In this work, I only take into account the R̥gVeda , which is undoubtedly the most ancient among the sam̥hitās : while the R̥gVeda is mentioned in the Sāmaveda , the Yajurveda , and the Atharvaveda , the R̥gVeda itself contains no references to these three other Vedic collections. The R̥gVeda is also one among the oldest extant texts in any Indo-European language. Philological and linguistic evidence suggests that the R̥gVeda was composed in the north-western region of the Indian subcontinent, most likely between 1500–1200 BC, though a wider time frame of 1700–1100 BC has also been proposed (cf. further Witzel 1995; Mallory & Douglas 1997; Anthony 2007; Kulikov 2017). The R̥gVedic hymns certainly post-date the Indo-Iranian separation (about 2000 BC) and probably the Indo-Aryan Mitanni documents (1400 BC).

The R̥gVeda is organized in ten books, known as maṇḍalas (literally) ‘circles’, of varying antiquity and length, for a total of 1028 hymns. The hymns in turn consist of individual stanzas ( r̥cas ‘praises’), which can be further subdivided into metrical units ( pāda ‘foot’) (cf. Chapter 4). Different sections of the R̥gVeda can be assigned to different chronological layers. The maṇḍalas II-VII (‘family books’) constitute the oldest and the shortest part of the collection (‘early R̥g-Vedic’); maṇḍalas I, X, and part of VIII (so-called Vālakhilya ) are the latest additions (‘late R̥g-Vedic’); maṇḍalas VIII-IX are chronologically heterogeneous.

1.3.2. The Homeric poems

The Iliad and the Odyssey are two epic poems (for a total of about 28000 lines) that chiefly recount the last weeks of the Trojan War and the tribulations that Odysseus experienced when returning to Ithaca after the fall of Troy.

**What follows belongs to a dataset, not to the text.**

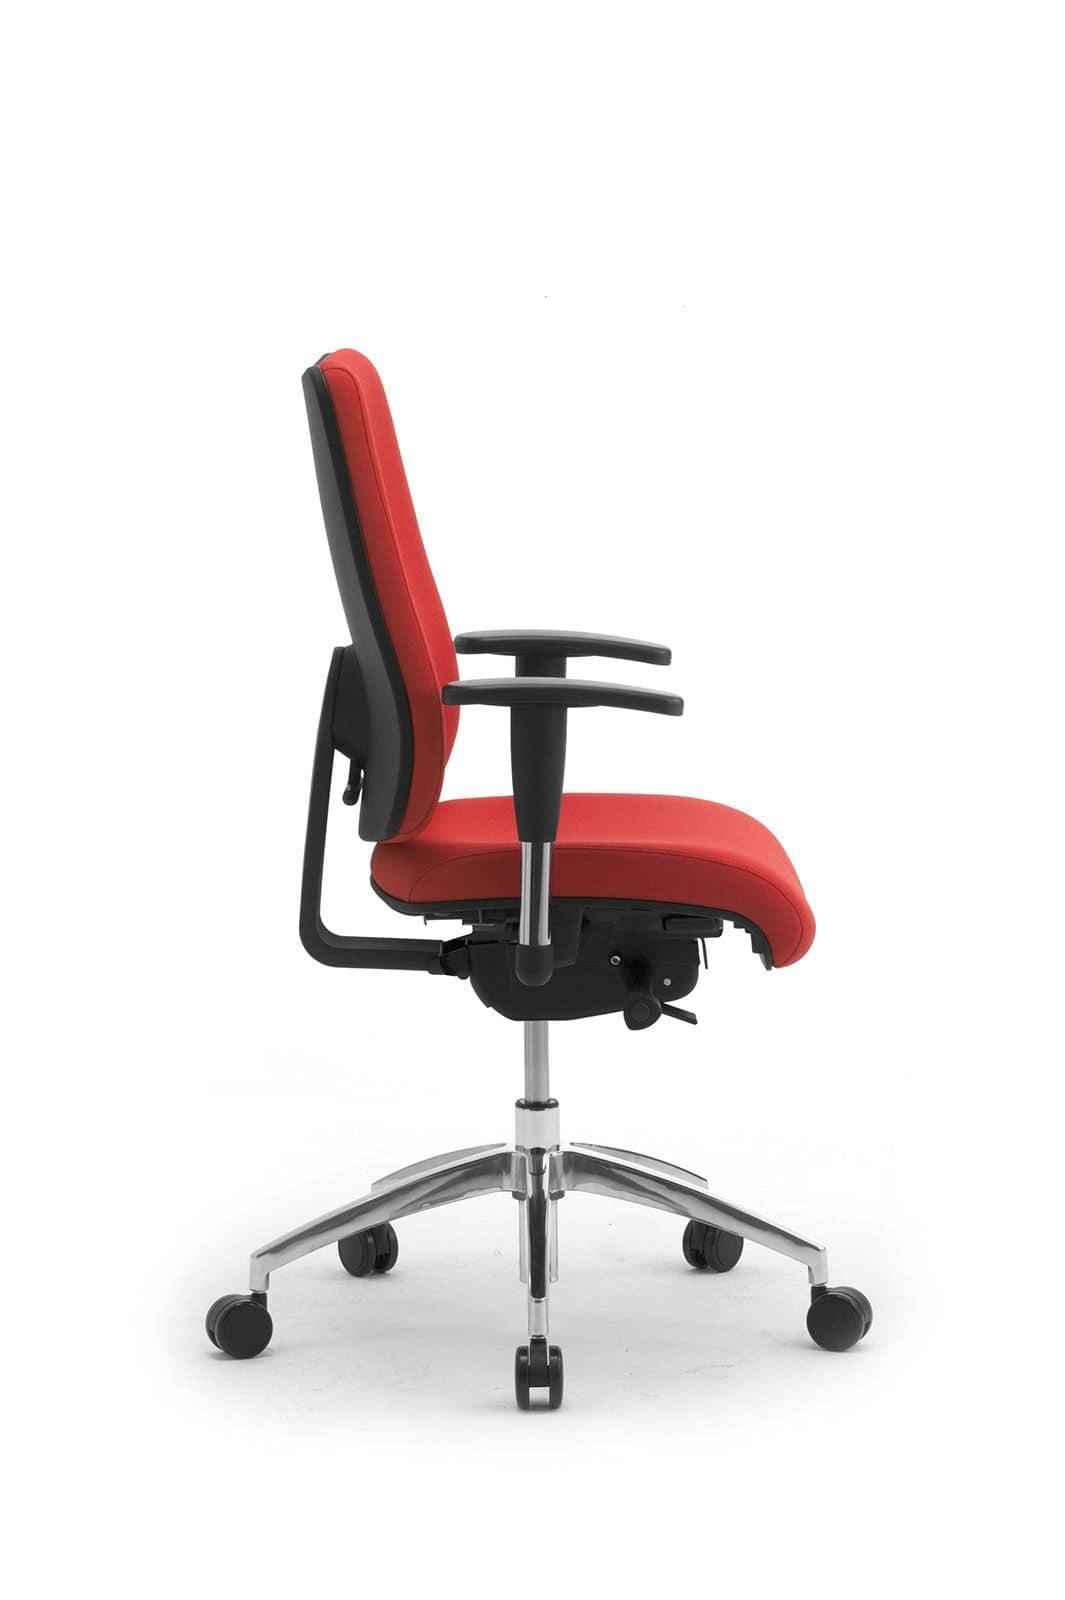 DD 2 operativa 53722, Sedia operativa da ufficio,seduta e schienale imbottiti

The Homeric epic is composed in hexameters, that is, lines made up of six ( héx ‘six’) feet, which in turn comprise regular alternations of light/short and heavy/long syllables, interrupted by regular patterns of metrical pauses (cf. Chapter 5). The variety transmitted by the epic tradition is basically an archaic eastern Ionic, enriched by an amalgam of Mycenean and Aeolic features, as well as by a number of other archaic traits that cannot easily be ascribed to any particular dialect or region (Horrocks 2010: 44).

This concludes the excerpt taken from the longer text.